Pass-Through Taxation: LLCs benefit from pass-through taxation, similar to a partnership. The LLC's profits and losses pass directly to the members' personal tax returns, avoiding the double taxation that corporations face.
Management Flexibility: LLCs offer flexible management. Members can choose to manage the company themselves or appoint an outside manager.
Who can benefit from an LLC?
LLCs are well-suited for a variety of businesses, including:
Businesses with multiple owners (who want to share ownership and profits while limiting personal liability)
Early-stage startups or businesses
Creative agencies
LLCs are generally cheaper to maintain than corporations. However, they may have slightly higher fees than general partnerships due to filing and maintenance requirements that vary by state.
Choosing the Right Structure for You
Below is a table summarizing the key differences from each business structure.

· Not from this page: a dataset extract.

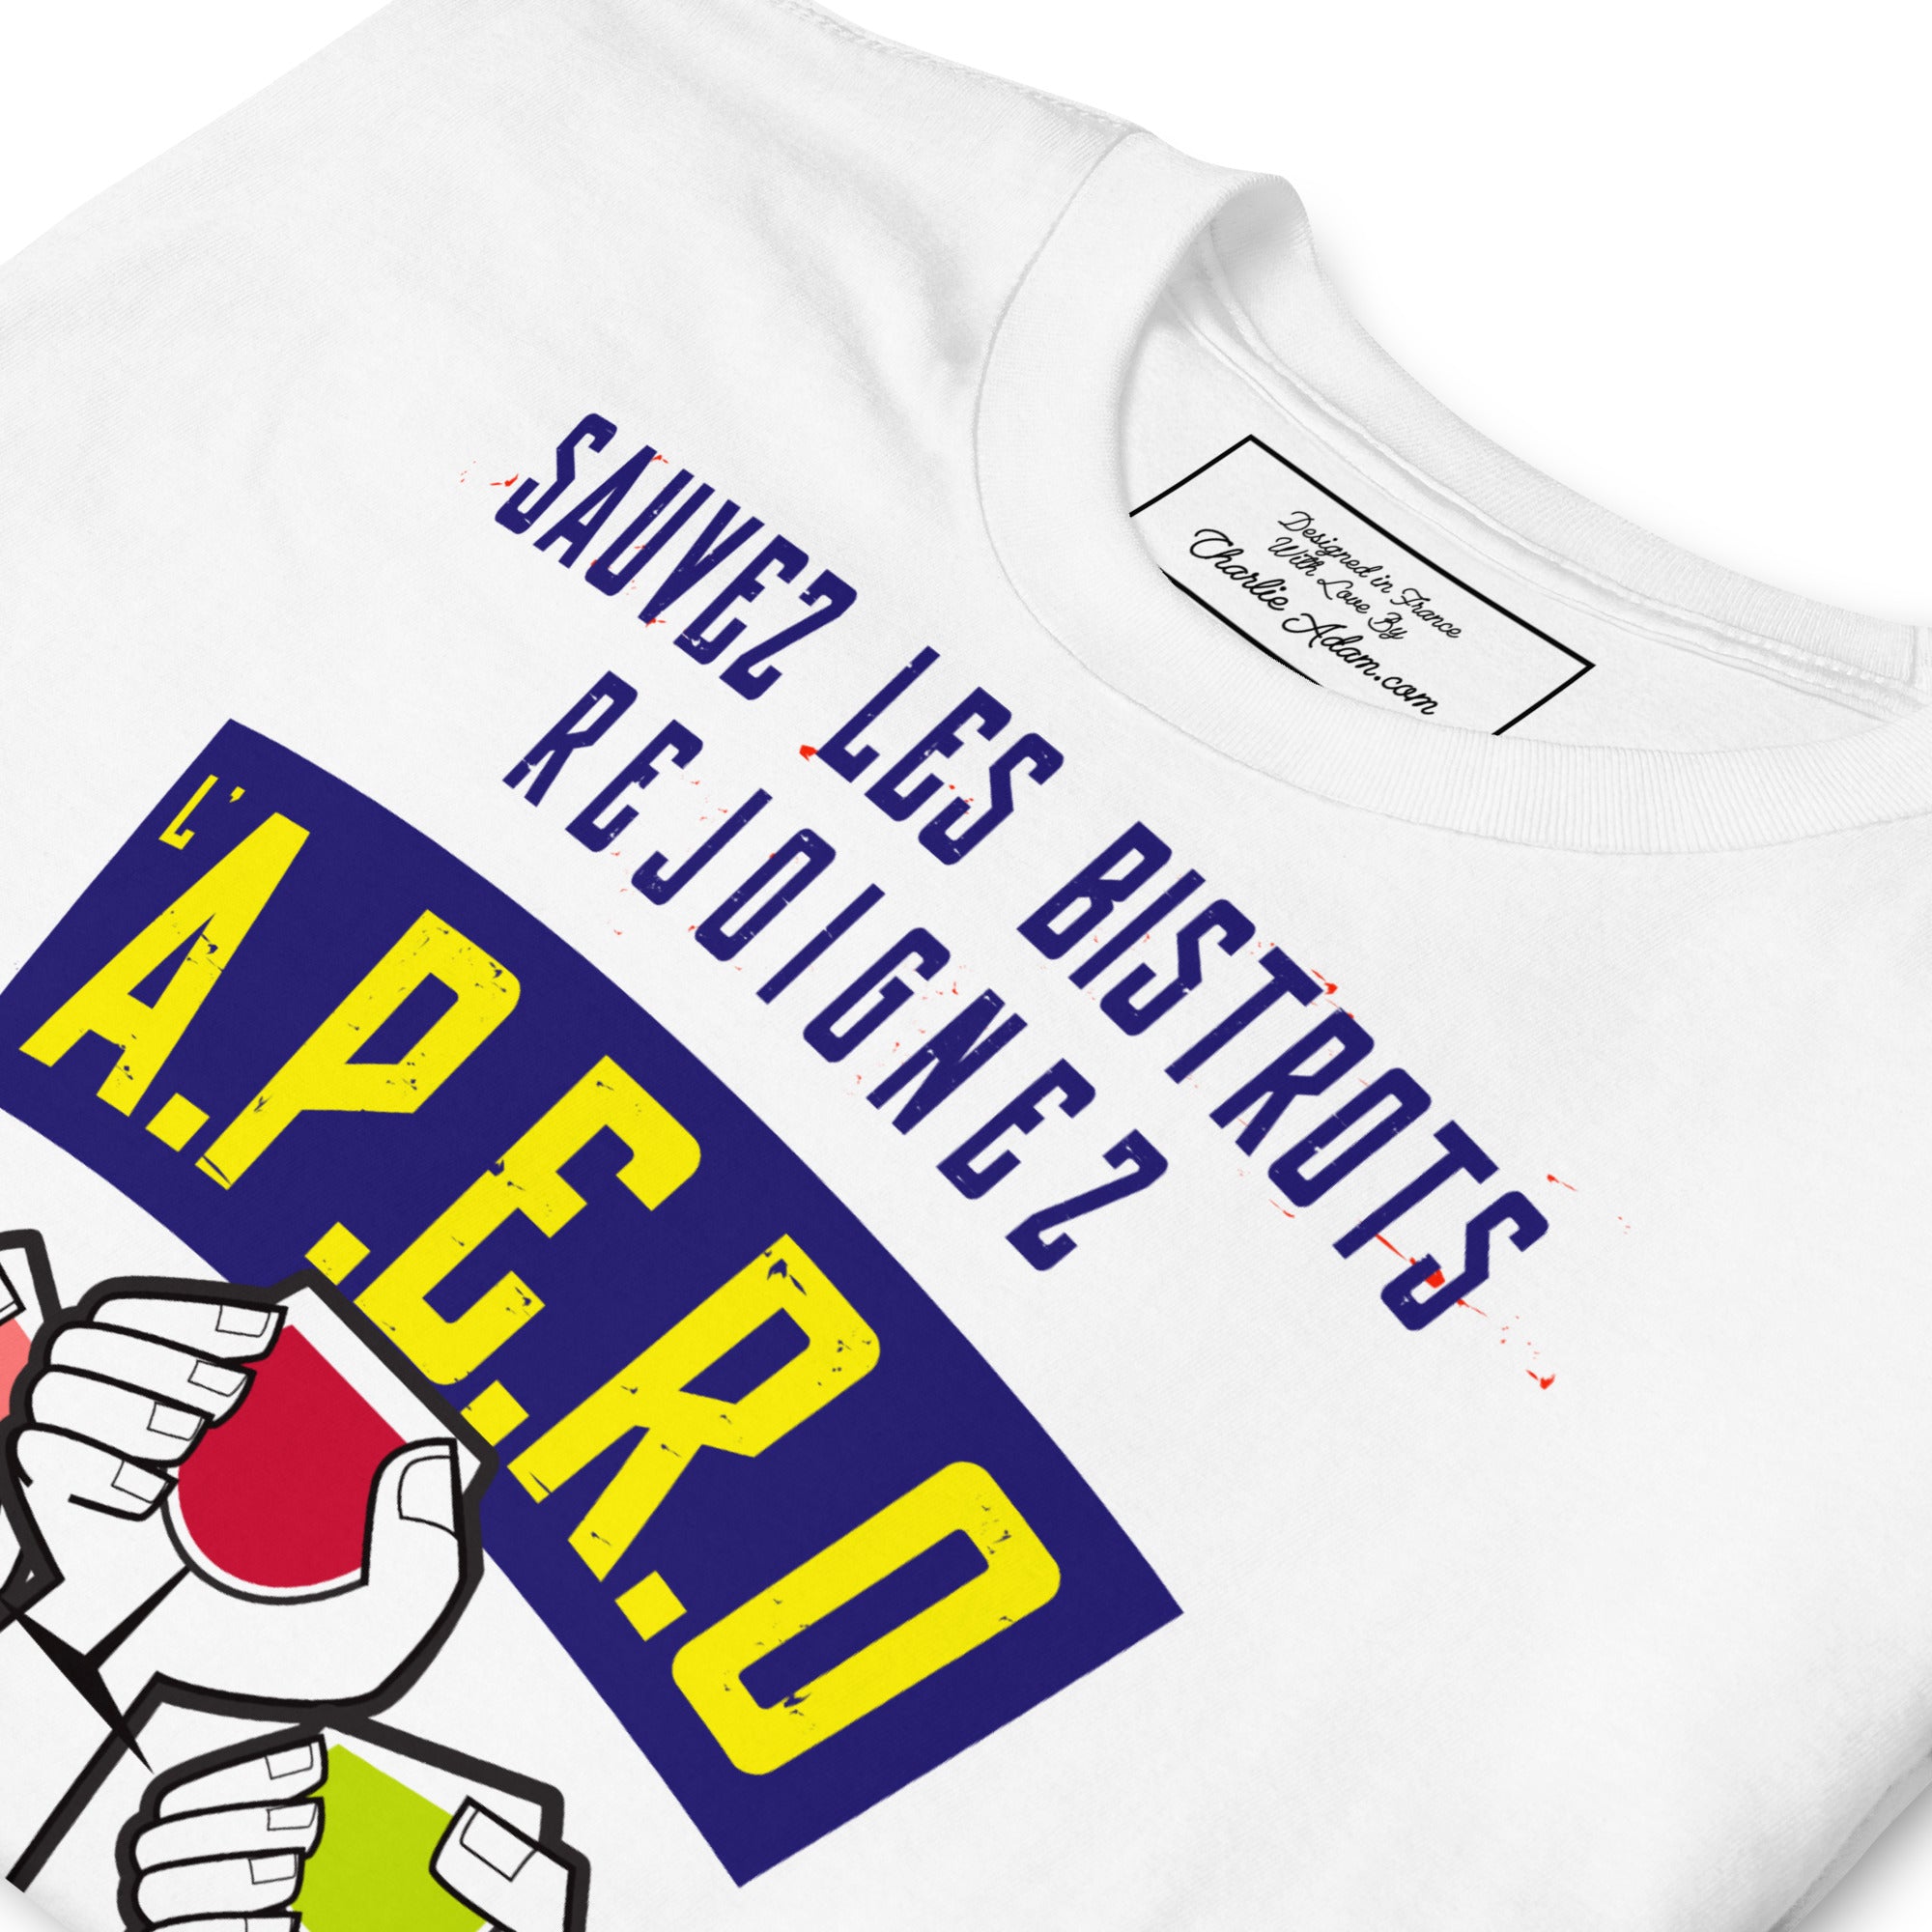 Softstyle Cotton T-Shirt Sauvez les Bistrots, rejoignez l'Apéro on light colors

Sole Proprietorship | Partnership | LLC | Corporation | |
Liability | Unlimited | Unlimited | Limited | Limited |
Taxes | Pass-Through | Pass-Through | Pass-through or Corporate | Corporate |
Control | Owner | Partners | Members | Board of directors |
Growth Potential | Limited | Limited | Moderate | High |
Ease of Formation | Simple | Simple | Moderate | Complex |
You can also access further resources online, such as the SBA website and the rest of the One Park Financial blog.
However, consulting a legal or financial professional for guidance tailored to your unique circumstances and business needs is always best.
DBA is So Yesterday
The business ownership structure you choose can make or break your business. Making the correct choice enables companies to optimize taxes, maximize growth potential, and protect personal assets.
Continuing to operate as a DBA could result in losing everything in a nasty lawsuit. Choosing a more suitable business structure could mean seeing your business reach its full potential.
Disclaimer: The content of this post has been prepared for informational purposes only. It is not intended to provide and should not be relied on for tax, legal, or accounting advice. Consult with your tax, legal, and accounting advisor before engaging in any transaction.